FSK Demodulation - Parsing Japanese EWS Data
Asked Answered
A

2

8

【This is not a duplicate. Similar questions are about scenarios where people have control over the source data. I do not.】

In Japan there's something called the "Emergency Warning Broadcasting System." It looks like this when activated: http://www.youtube.com/watch?v=9hjlYvp9Pxs

In the above video, at around 2:37, a FSK-modulated signal is sent. I want to parse this signal; i.e. given a WAV file that contains the signal, I want to end up with a StringBuilder that contains 0s and 1s to process them later. I have the spec for the binary data and all, but the problem is that I know nothing about audio programming. :(

This is just for a hobby project, but I became hooked. TV and radio makers can pick up this signal and have their appliances do stuff in reaction to it, so it can't be that hard, right? :(

Facts about the signal:

  • The mark tone is 1024Hz, and the stop tone is 640Hz
  • Each tone is 15.625ms long
  • 2 second pause before signal begins and after it ends (probably for detection purposes)

What I did so far:

  1. Write a simple RIFF parser that accepts 8bit mono WAV files and allows me to get samples from them. I've tested it and it works.
  2. A loop that takes 15.625ms of samples and:
    1. Uses RMS to look for two seconds of silence
    2. Uses the Goertzel algorithm to decide if the signal is 1024Hz or 640Hz

The problems I have:

  • 0s and 1s are swallowed during the loop depending on the test data.
    • Given the clarity of the signal (YouTube-to-MP3 rip), that shouldn't happen.
    • If I generate a repeating 01 sequence in Audacity 30 times, my program will pick up around 10 of the 01 pairs, instead of 30
  • Sometimes 0s and 1s are swapped (side effect of the above?)
  • If I tweak the code so it works with one test sound file, other test sound files stop working

My questions:

  • Can anyone give me a high level overview on how FSK decoding would be done properly in software?
  • Do I need to apply some sort of filter that limits the signal to 640Hz+1024Hz and mutes everything else?
  • What is the best approach to keep the timing right? Maybe I'm doing it wrong?
  • Any links to beginner's literature on this kind of audio processing? I'd really like to learn and get this working.

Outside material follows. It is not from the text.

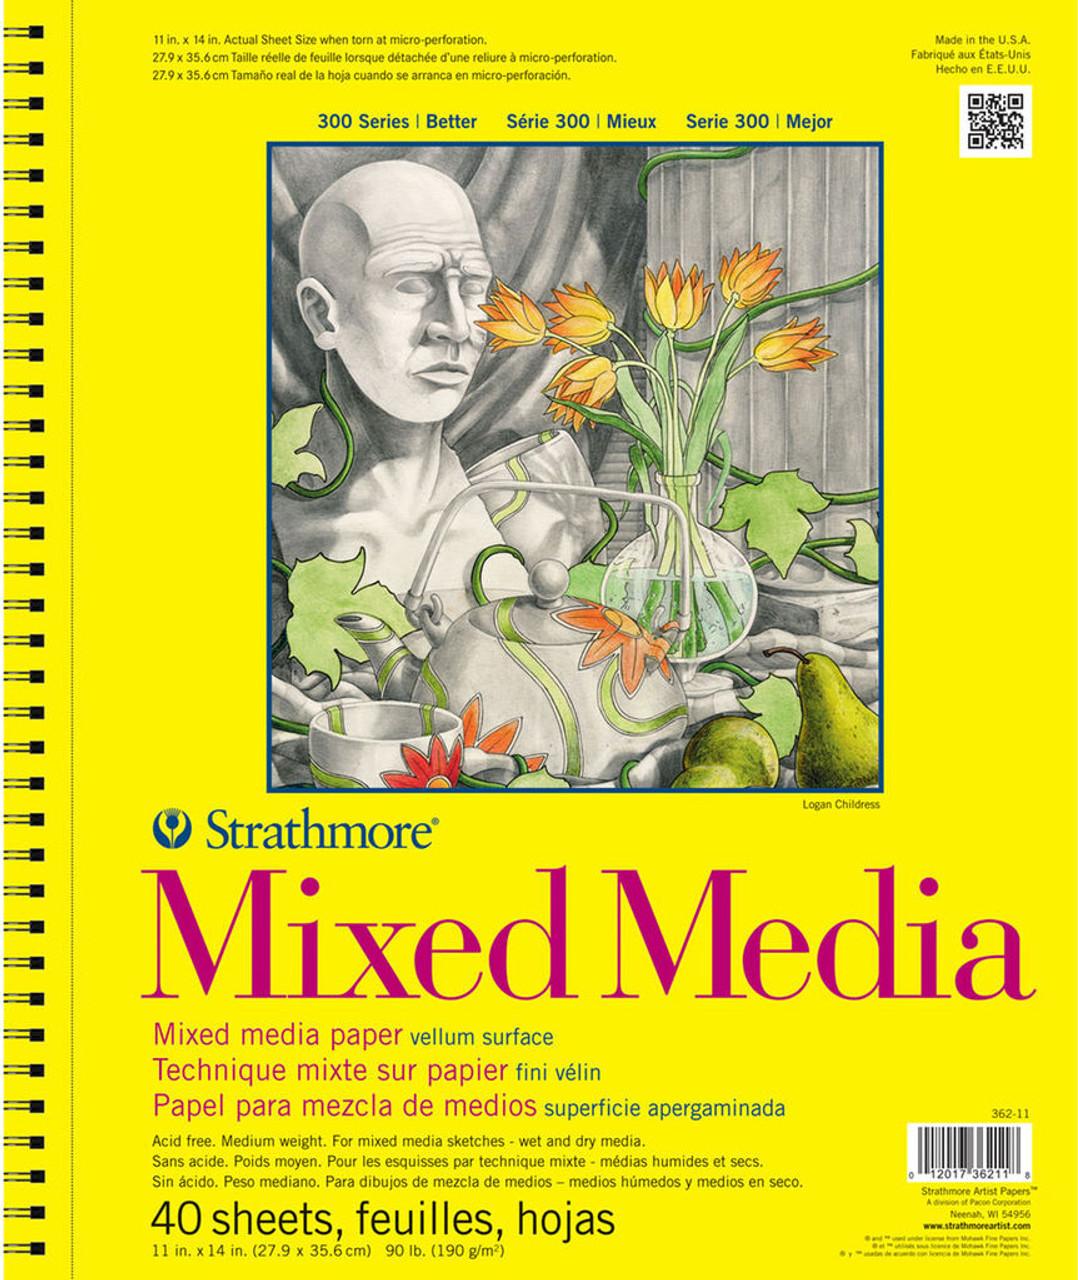 Strathmore 300 Series Mixed Media Pad 5.5x8.5

The code that reads samples is (simplified):

StringBuilder ews_bits = new StringBuilder();
double[] samples = new double[(int)(samplesPerMs * 16.625D)];
int index = 0, readTo = /* current offset + RIFF subChunk2Size */;
BinaryReader br = /* at start of PCM data */;

while (br.BaseStream.Position < readTo)
{
    switch (bitsPerSample / 8)
    {
        case 1: // 8bit
            samples[index++] = ((double)br.ReadByte() - 127.5D) / 256D;
            break;
        case 2: // 16bit
            samples[index++] = (double)br.ReadInt16() / 32768D;
            break;
    }

    if (index != samples.Length)
        continue;

    /****** The sample buffer is full and we must process it. ******/

    if (AudioProcessor.IsSilence(ref samples))
    {
        silence_count++;
        if (state == ParserState.Decoding && silence_count > 150)
        {
            // End of EWS broadcast reached.
            EwsSignalParser.Parse(ews_bits.ToString());

            /* ... reset state; go back looking for silence... */
        }
        goto Done;
    }

    /****** The signal was not silence. ******/

    if (silence_count > 120 && state == ParserState.SearchingSilence)
        state = ParserState.Decoding;

    if (state == ParserState.Decoding)
    {
        AudioProcessor.Decode(ref samples, sampleRate, ref ews_bits);

        bool continue_decoding = /* check first 20 bits for signature */;
        if (continue_decoding) goto Done;

        // If we get here, we were decoding a junk signal.
        state = ParserState.SearchingSilence;
    }

    /* Not enough silence yet */
    silence_count = 0;
Done:
    index = 0;
}

The audio processor is just a class with:

public static void Decode(ref double[] samples, int sampleRate, ref StringBuilder bitHolder)
{
    double freq_640 = GoertzelMagnitude(ref samples, 640, sampleRate);
    double freq_1024 = GoertzelMagnitude(ref samples, 1024, sampleRate);

    if (freq_640 > freq_1024)
        bitHolder.Append("0");
    else
        bitHolder.Append("1");
}

public static bool IsSilence(ref double[] samples)
{
    // power_RMS = sqrt(sum(x^2) / N)

    double sum = 0;

    for (int i = 0; i < samples.Length; i++)
        sum += samples[i] * samples[i];

    double power_RMS = Math.Sqrt(sum / samples.Length);

    return power_RMS < 0.01;
}


/// <remarks>http://www.embedded.com/design/embedded/4024443/The-Goertzel-Algorithm</remarks>
private static double GoertzelMagnitude(ref double[] samples, double targetFrequency, int sampleRate)
{
    double n = samples.Length;
    int k = (int)(0.5D + ((double)n * targetFrequency) / (double)sampleRate);
    double w = (2.0D * Math.PI / n) * k;
    double cosine = Math.Cos(w);
    double sine = Math.Sin(w);
    double coeff = 2.0D * cosine;

    double q0 = 0, q1 = 0, q2 = 0;

    for (int i = 0; i < samples.Length; i++)
    {
        double sample = samples[i];

        q0 = coeff * q1 - q2 + sample;
        q2 = q1;
        q1 = q0;
    }

    double magnitude = Math.Sqrt(q1 * q1 + q2 * q2 - q1 * q2 * coeff);

    return magnitude;
}

Thanks for reading. I hope you can help me.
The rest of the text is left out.